ディープディープブルーファングの体表にひび割れのような石化の兆候が表れる。うまくいけば、何回かに一度は動きを止められるはずだ。
(「それにしても、機械のお魚さんは初めて……かも? どうして空中を泳げるんだろ。サメ以外にもイルカとかシャチとかいるのかな」)

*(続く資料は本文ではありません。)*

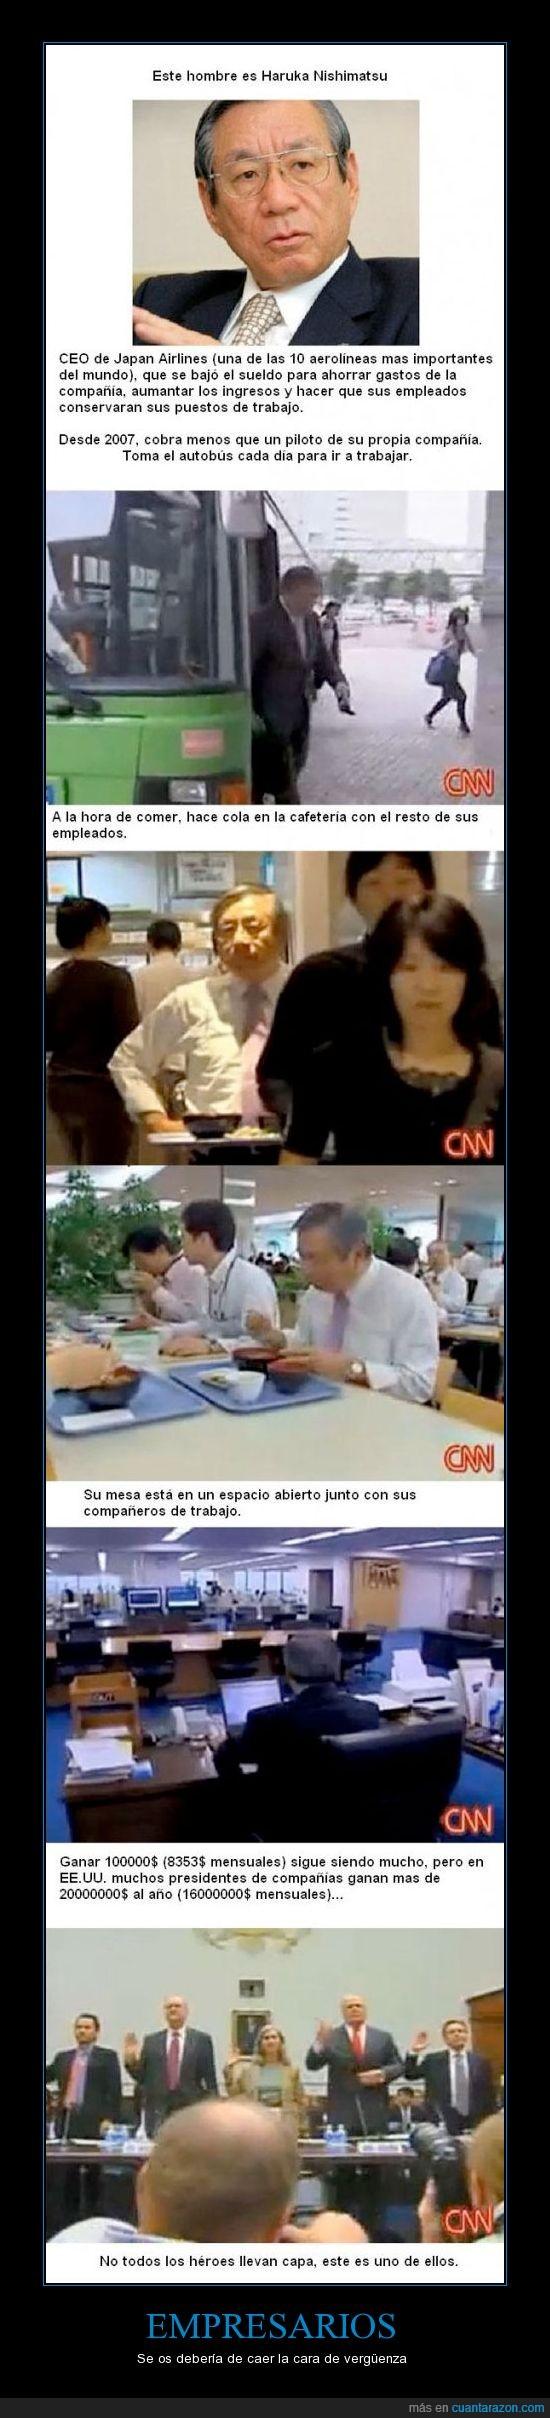 empresario,haruka nishimatsu,japan airlines,presidente,sueldo
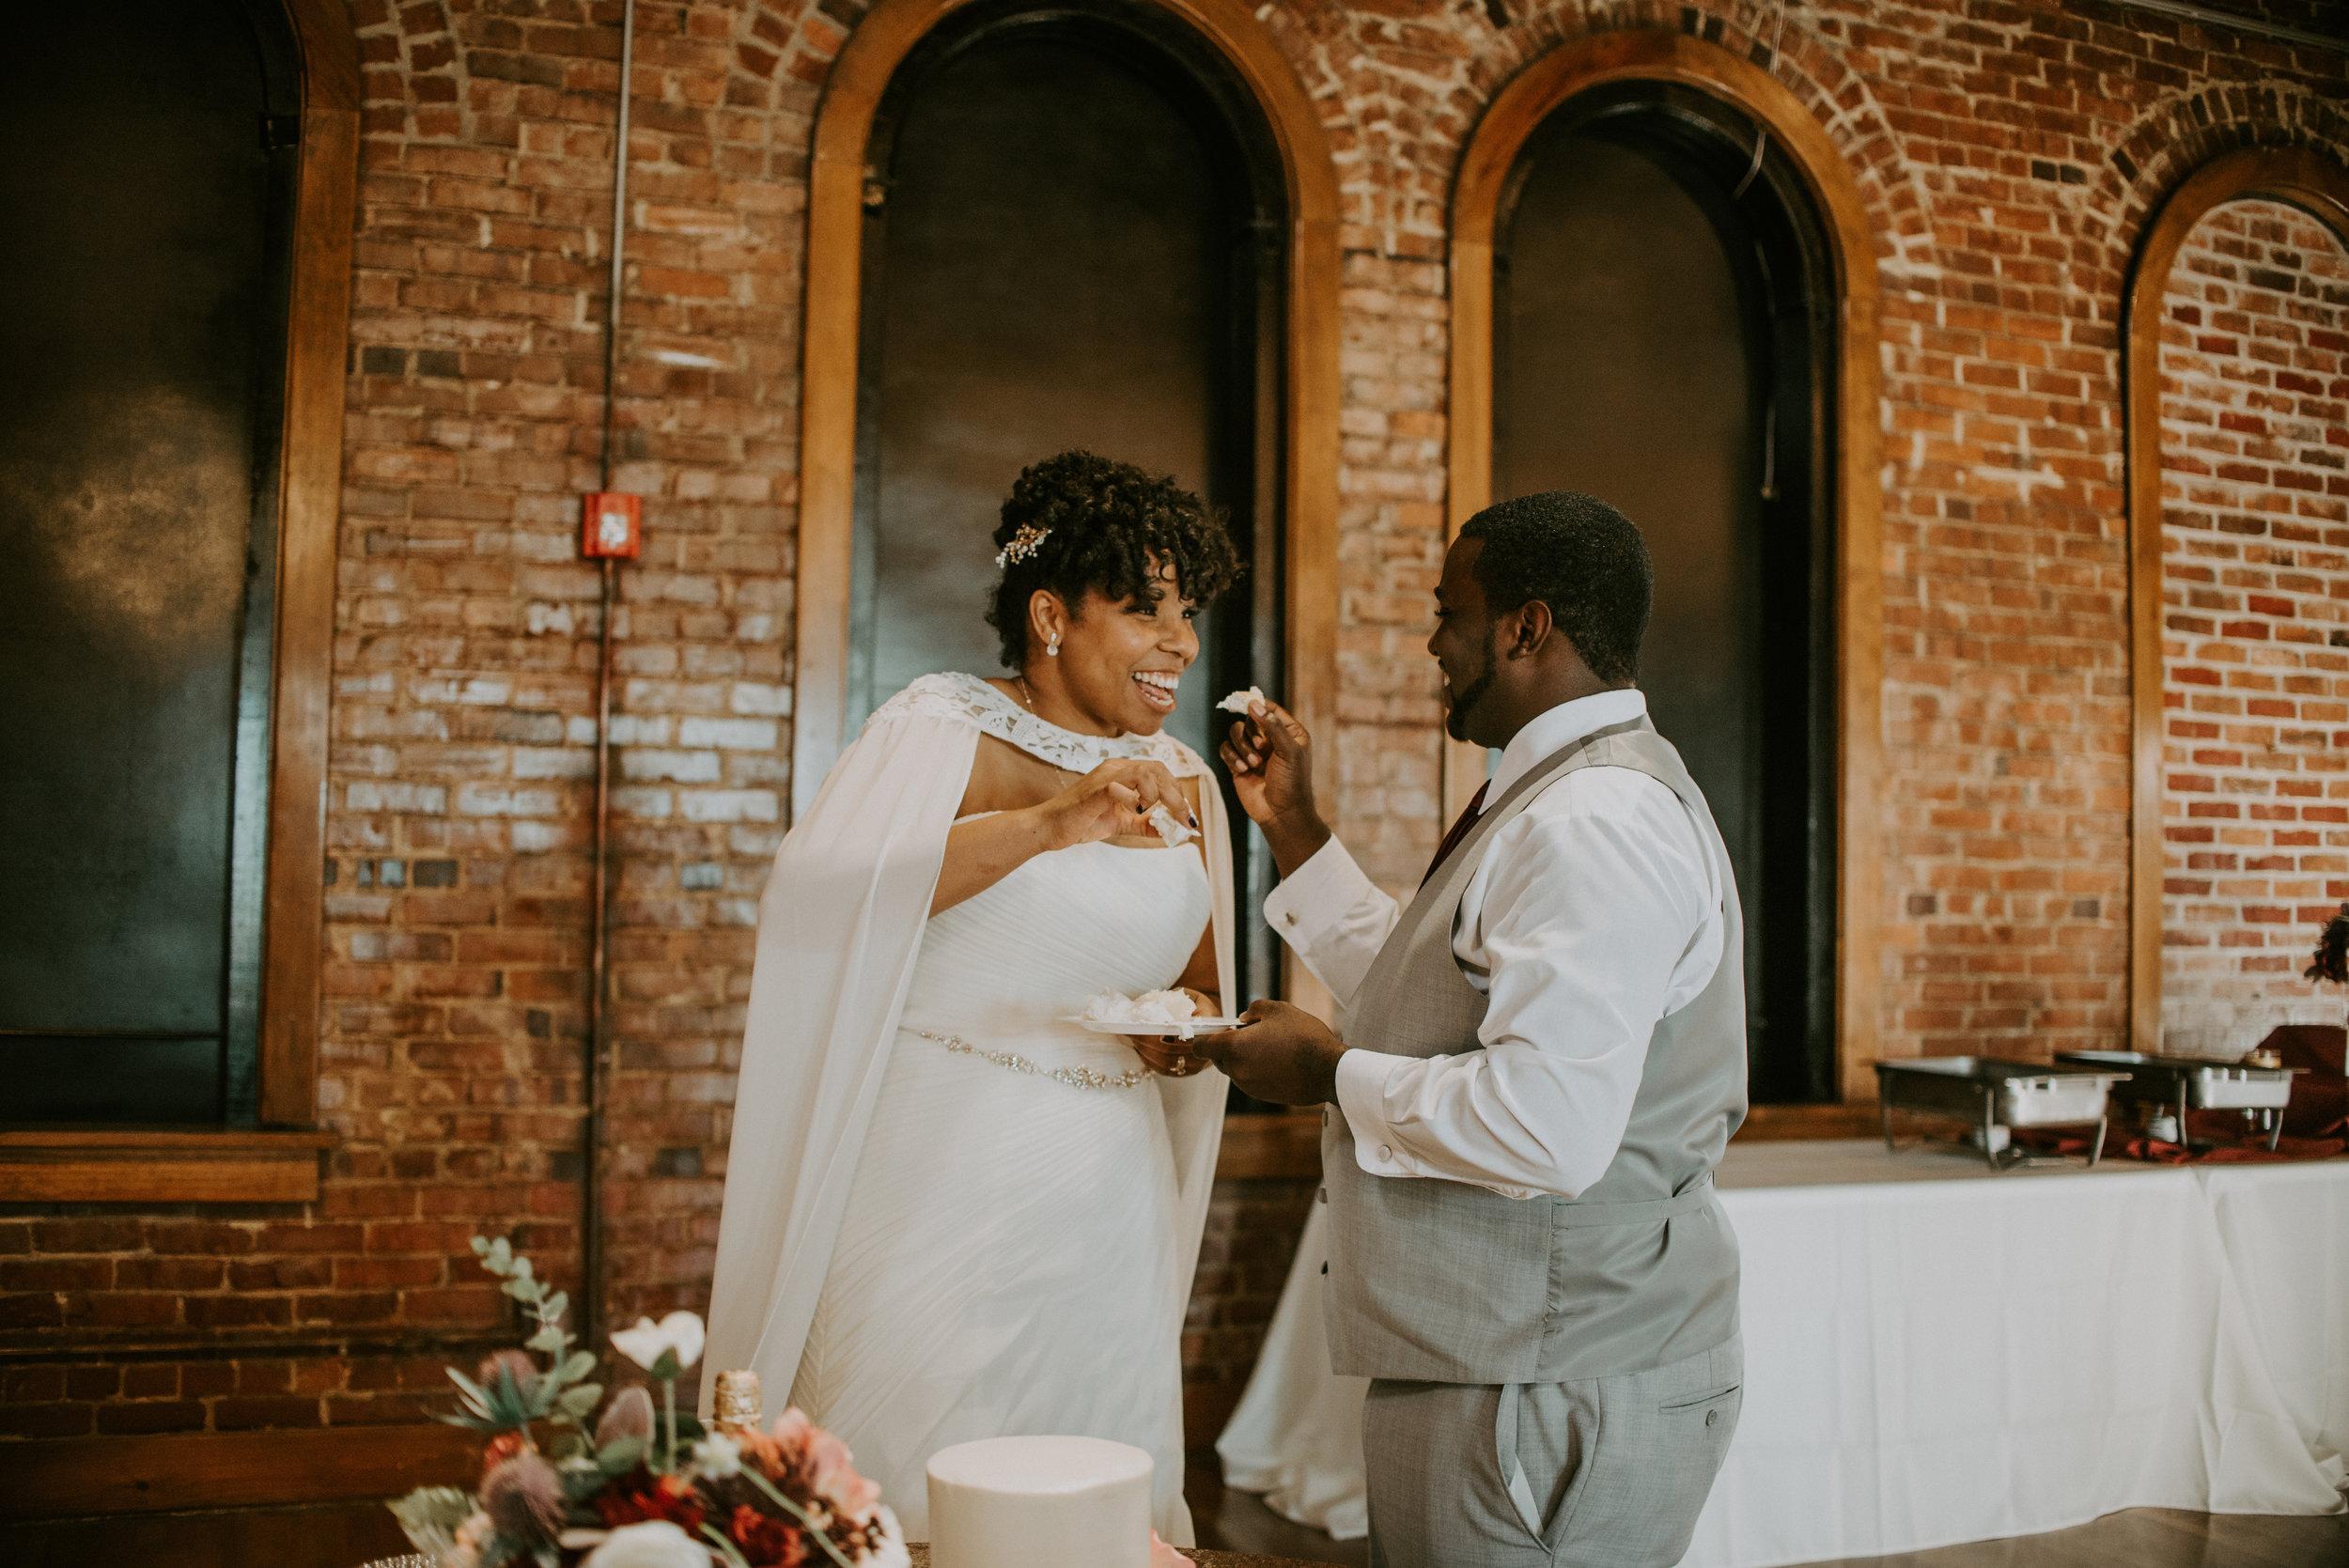 WonderlyCreative_Wedding_6.7.18_Khara&Dwayne_-913.jpg

エトワールは赤い瞳を好奇心に煌めかせて、手元の剣を杖のように振るい星の聖域を周囲に描き出す。
「そらよ」
その魔法陣に守られた元隆の薙いだ喰霊刀から魂が放たれ、後方で電撃杖を構える怜奈の体に乗り移った。静電気がまるで陽炎のように揺らめき、ふわりと長い髪が広がる。
「感謝いたしますわ」
ただでさえ、命中率に長じる怜奈の一撃が更にその精度を増したのだ。
「あの動きと高い攻撃力からして、ポジは……クラッシャーの気が……」
怜奈の呟きに結が頷いた。
「うん。そんな気がするよね?」
「ですわね。皆さん、お気をつけ下さいね。あの攻撃力は侮れませんわ」
注意を促す通達に、ディフェンダーであるアイン、レイ、オリヴンが次々と承知の意を告げた。厚い三枚の壁は、ディープディープブルーファングを取り囲むようにして一切の逃げ場を塞いでいる。
「その刃の悉くをへし折ってくれよう」
獰猛な牙を剥いて突進してくるディープディープブルーファングを迎え撃つアインの手首でコンドルが羽ばたき、杖へと姿を変えた。
「くらえ!」
吐き出す炎玉は見事にディープディープブルーファングの鼻先で爆ぜた。のたうち回る敵の突進を紙一重で受け流した怜奈の雷撃が雷鎚の如く放たれる――!
「ギギギッ!!」
ディープディープブルーファングは機械がショートした時のような異音を発しながら、狂ったように尾を打って滅茶苦茶に魚雷を発射した。
「くっ!」
レイは咄嗟にアームドフォートを防御形態に変え、猛攻を凌ぐ。
「好き勝手させないんだよ!」
その時、結の周囲に翠風が巻き起こった。
薄い、紗のヴェールが翅のように羽ばたいたかと思った瞬間、それは漣となって前衛の間を吹き抜け、凍てつく氷結を溶かしていく。
「蒼くん、大丈夫?」
「ああ!」
そのまま、連携の勢いで蒼は指先に印を結んだ。
「水郷の弐式……ぶった斬れ、鎌鼬!」
空中に飛沫が舞った中から現れた水の式鬼が、鋭いヒレを刃と代えてディープディープブルーファングの周囲を旋回しながら螺旋状に切り刻む。
「後ろががら空きですわよ」
死角となる仲間の背後から目にも止まらぬ速さで飛び込んだ怜奈の蹴撃が更に追撃を入れた。
「損傷増加……動きも封じ込めてますわ」
「ああ。念のため、もう一陣いっとくか」
「はにゃ! みんな頑張ってー!」
ゾディアックソードを肩に負った元隆が軽く口笛を吹くと、前衛の足元で幾つもの星座が眩いた。スターサンクチュアリ――星の聖域。そこでエトワールが舞い踊るのは甘やかな花々を咲かせる軽快なステップ。タンッと爪先で地面を叩くと、一斉に花びらが舞って戦場を華やかな色彩に包み込んだ。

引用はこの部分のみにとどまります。